Life goes on. While the Cubs were learning some kind of wisdom (I hope), I was exploring the Indiana Dunes, making dinner for neighbors, working on two new books and taking a hike in unsually warm October weather. I saw a building that produced heat from the earth, my daughter Sarah found a nice watch along a hiker's trail and I took my daughters out to lunch.

Life goes on. Baseball seasons, though we can measure our lives by them, are not our lives, nor are they facsimiles of life. They are not metaphors. They are not examples. We love to win, but in the end we don't. We all face the same fate. Only baseball starts anew again in the winter, revs up in the spring, flies through the summer swelter and concludes its pageant in the fall. It's one of the few seasonally attuned experiences. It is the only major sport with no time limit. It is our link to when experience was measured in the time it took for a horse or train to get somewhere. We mostly leave the 21st century when we step into a ballpark. There are no nanoseconds. It is not digital. The human experience cannot be stored on a hard drive. Yet.

What draws us to this thread of our existence so brimming with hope that we dream about the crack of the bat and the smell of a kosher dog during the darkest days of January? And what is it about a group of spoiled manish-boy millionaires who so intrigue us that one ticket to a playoff game suddenly becomes worth $50,000? Is it the aspiration to end a century of frustration? Is it that we would like our children to see something totally splendid that they can share with their grandchildren?

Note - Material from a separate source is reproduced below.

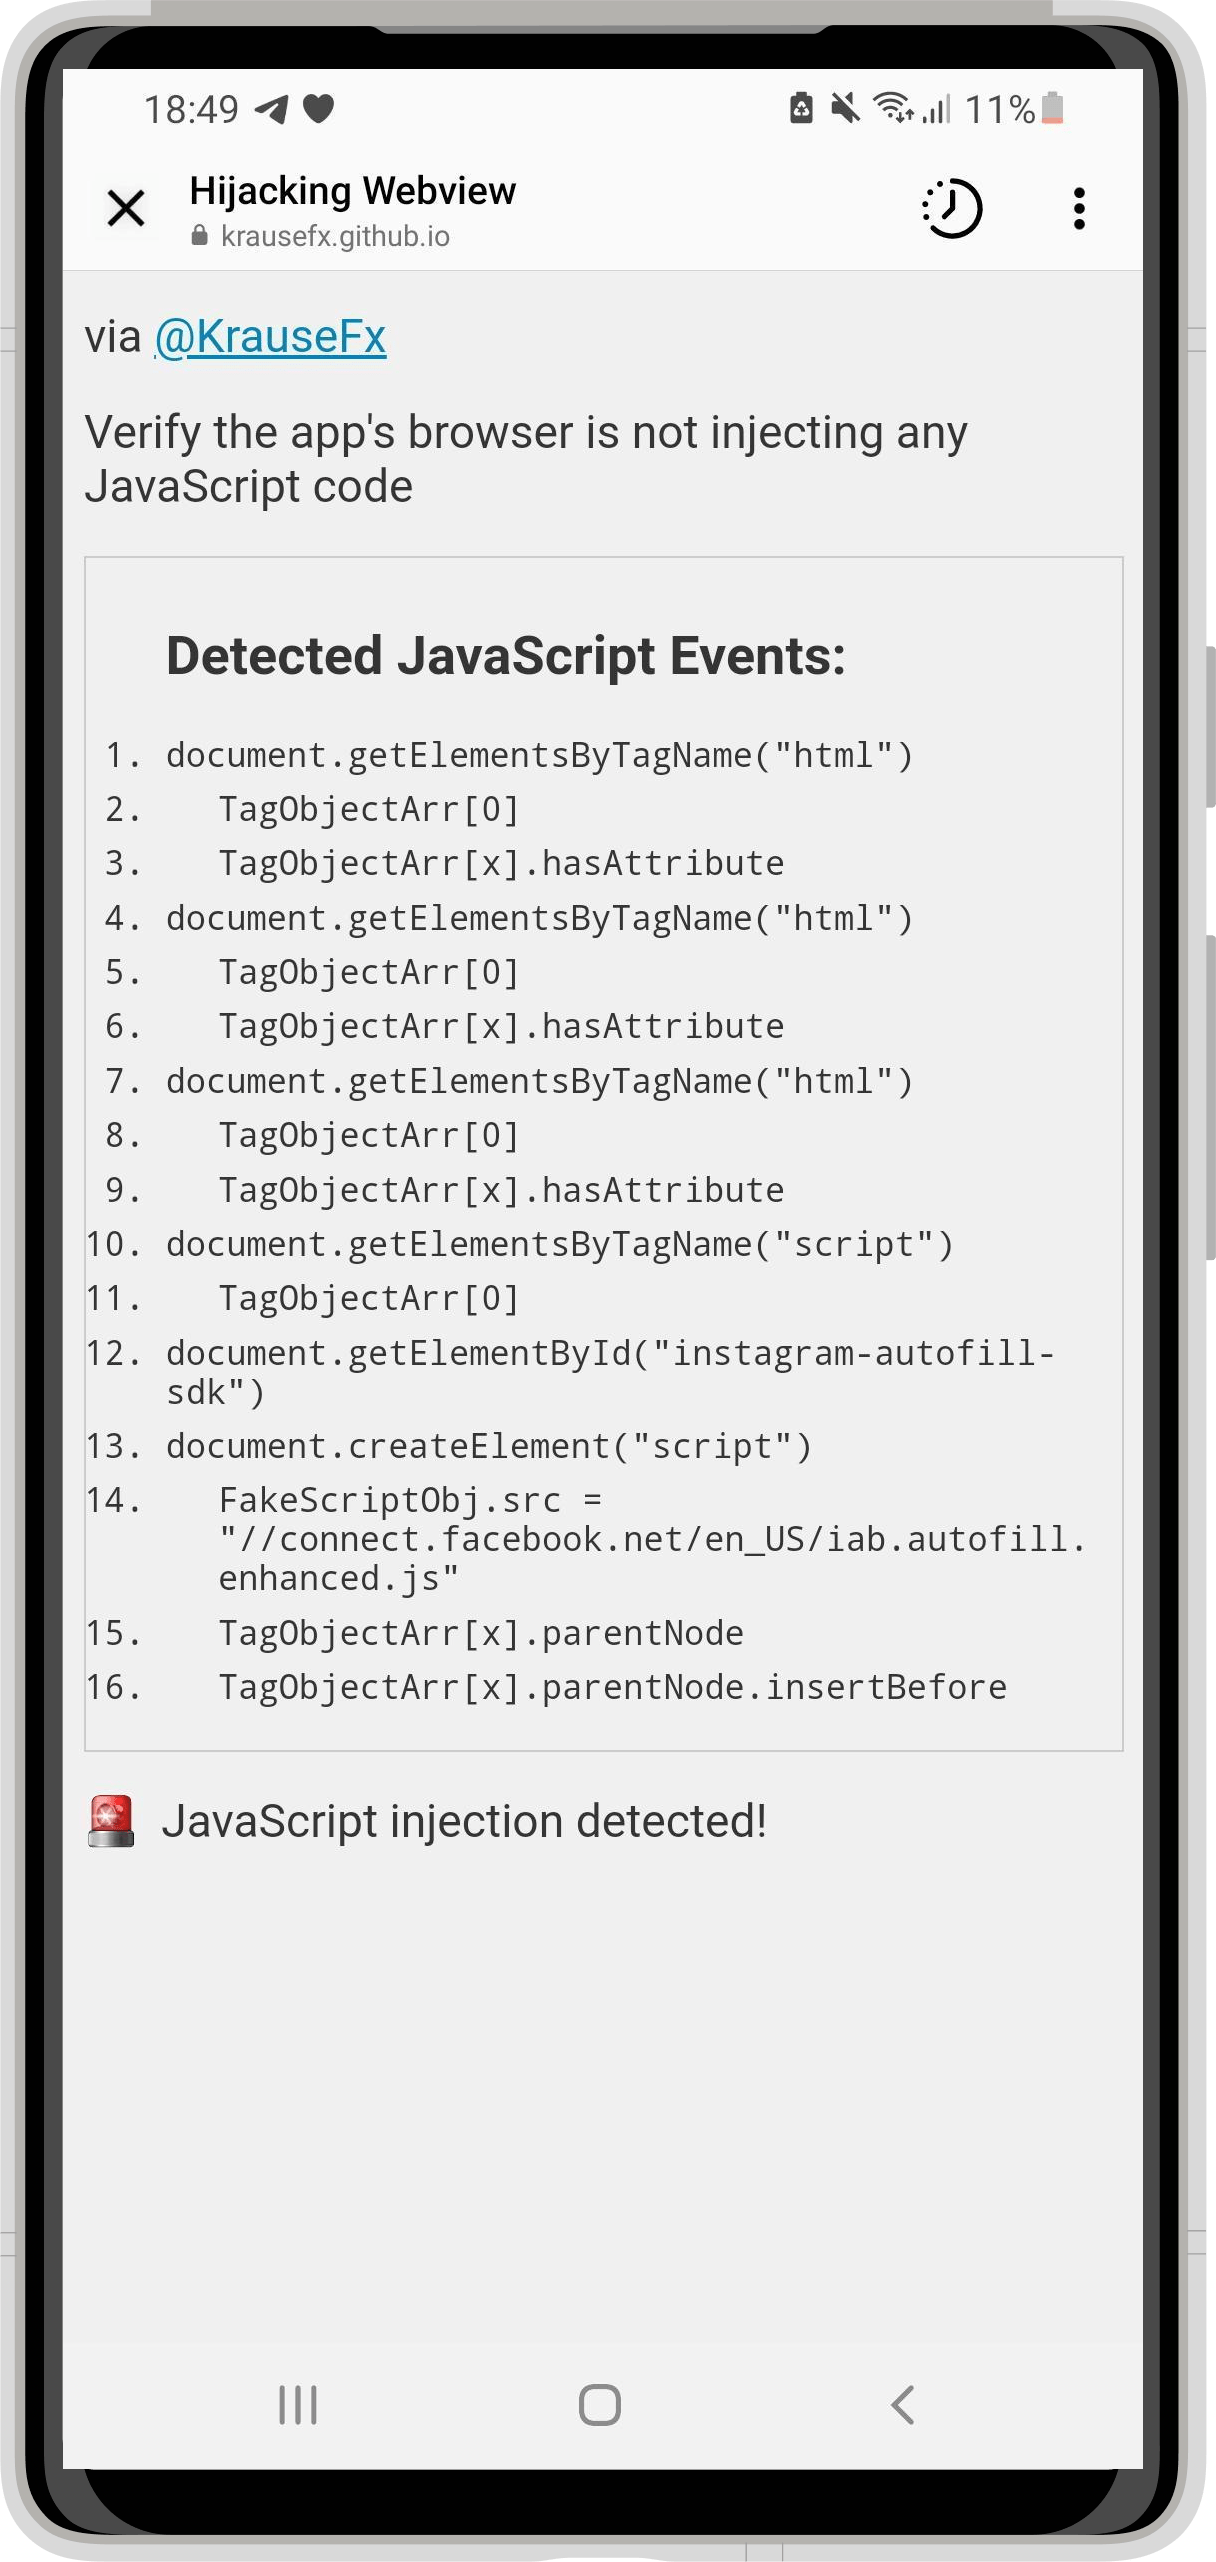 The same code as the previous photo, however this time inside Android Instagram

All I can tell you is that each year I bring my father and my daughters to the ballpark for one reason. I don't really care if the Cubs win. I want them to be able to share something with 40,000 people simultaneously without seeing it on television, to sing the national anthem with a group of complete strangers, then to celebrate that communal experience again during the 7th-inning stretch. And we bask in this peculiar celebration of life in a park with ivy growing on the walls in the middle of one of the greatest cities ever. All of these people are there to indulge in something real. Nobody cares about politics, religion, race, class, war or famine here. It is all a bountiful banquet of spectacle. Eighteen men dancing around a white sphere for however long it takes to conclude the match. This is America! It works and it's a pretty damn good accomplishment of civilization. Cities use to fight wars against one another. Now they sell peanuts and beer and go home quietly after the game is over. No lions and Christians. No cannon fodder. No war reparations. There's always another season.

Does the Cubs loss hurt? Sure it does. But the pain makes me feel alive and I will be all healed come the end of March.